▶ **YOUR INSTRUCTIONS**
Find the line containing "Steputat & Co. (1938)" in the material below, then please transcribe it and each line after it exactly, without the pictures.

▶ **DATASET EXTRACT**
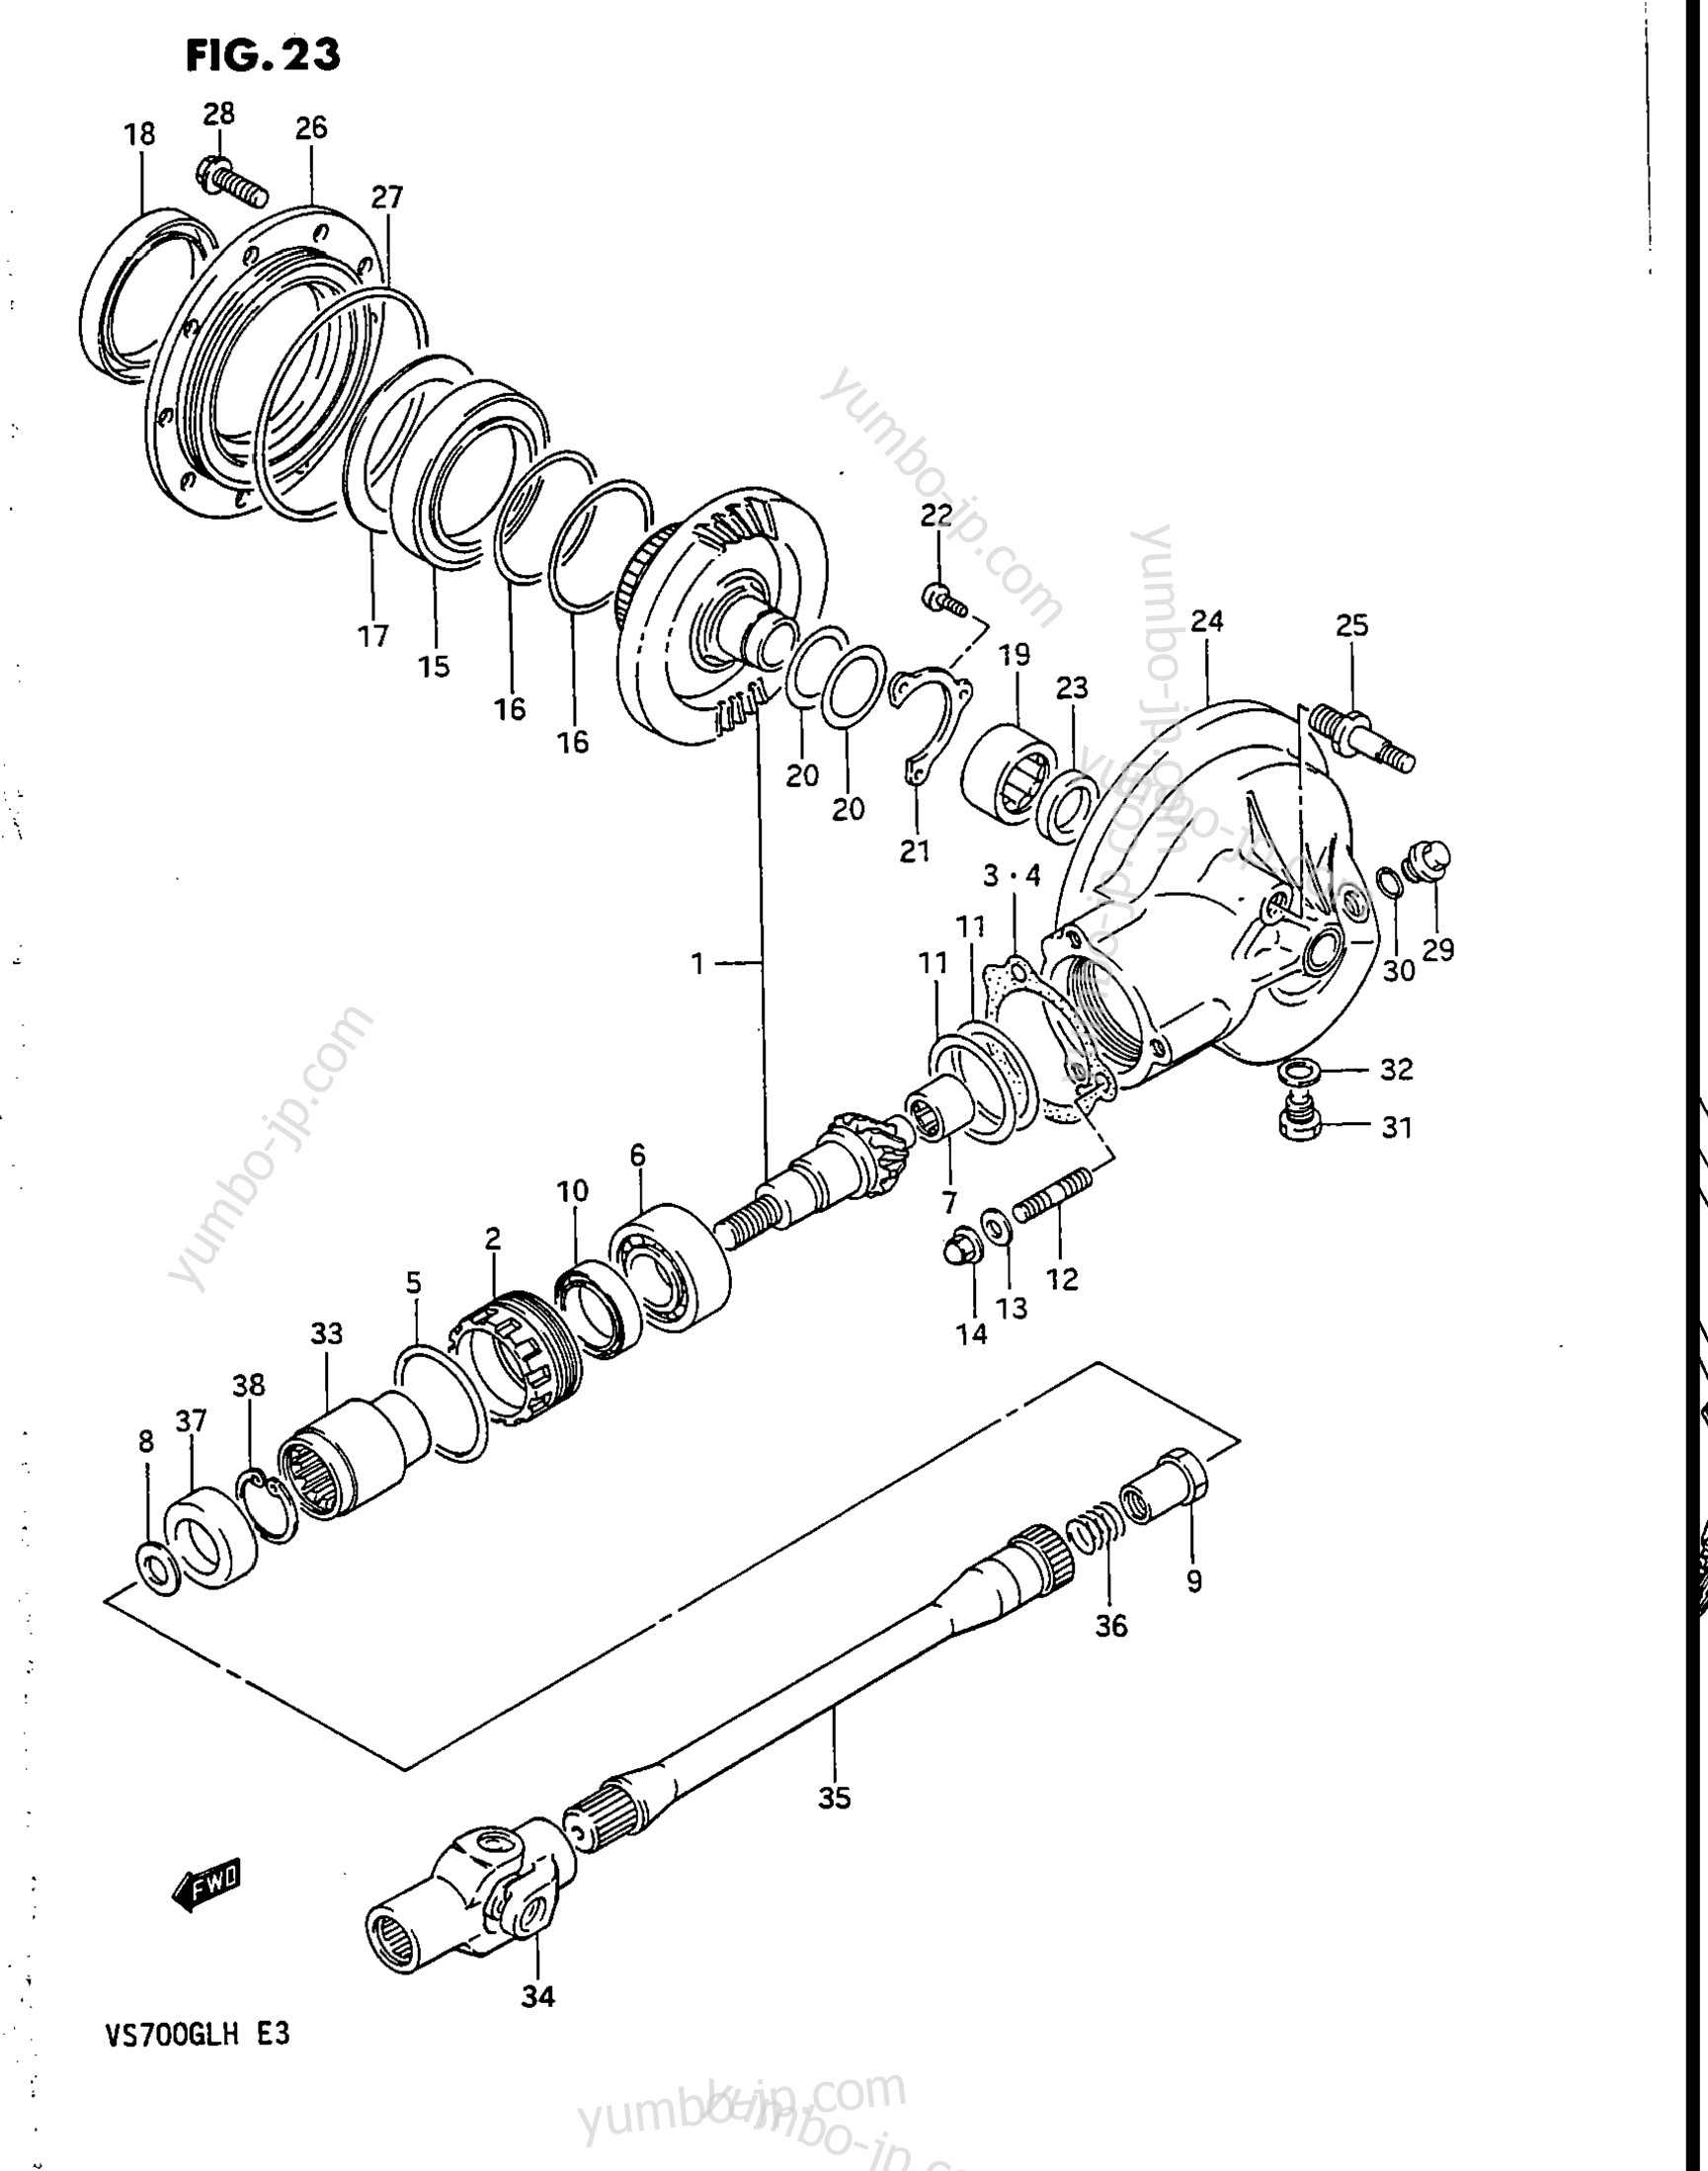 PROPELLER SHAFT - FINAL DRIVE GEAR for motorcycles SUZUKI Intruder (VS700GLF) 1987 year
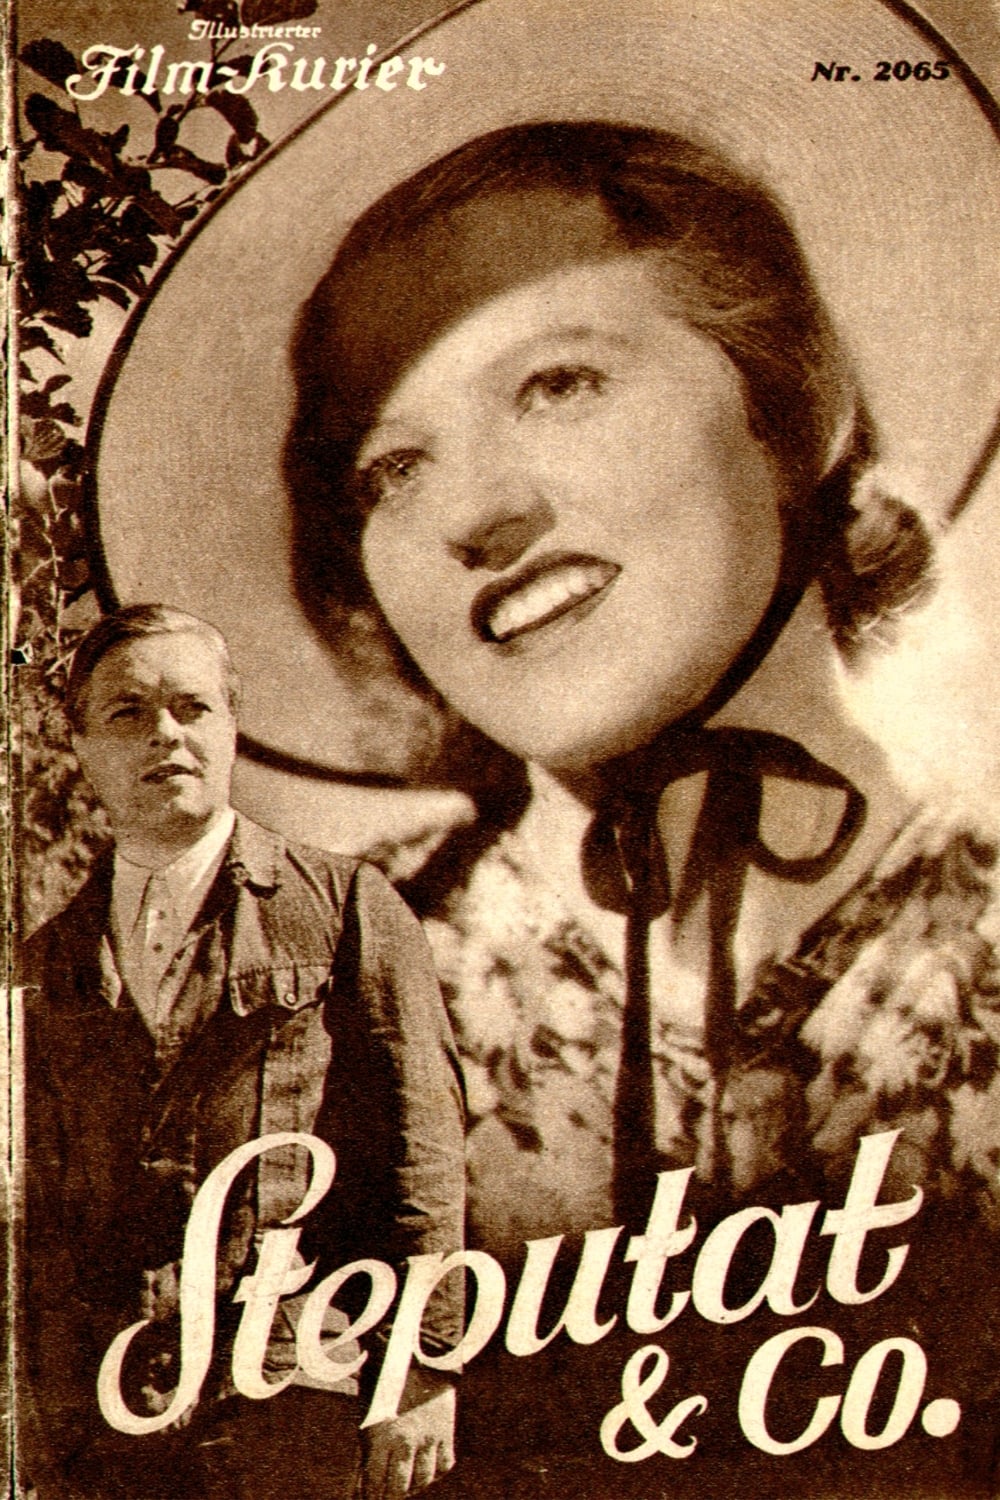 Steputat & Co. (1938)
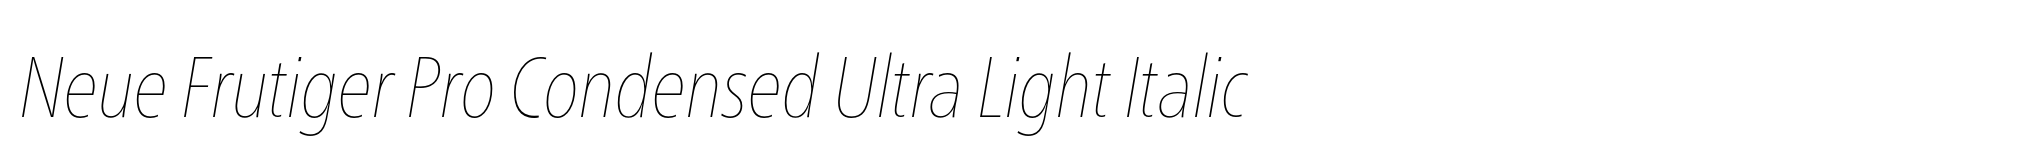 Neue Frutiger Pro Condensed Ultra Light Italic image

▶ **SOLUTION**
 Steputat & Co. (1938)
 Neue Frutiger Pro Condensed Ultra Light Italic image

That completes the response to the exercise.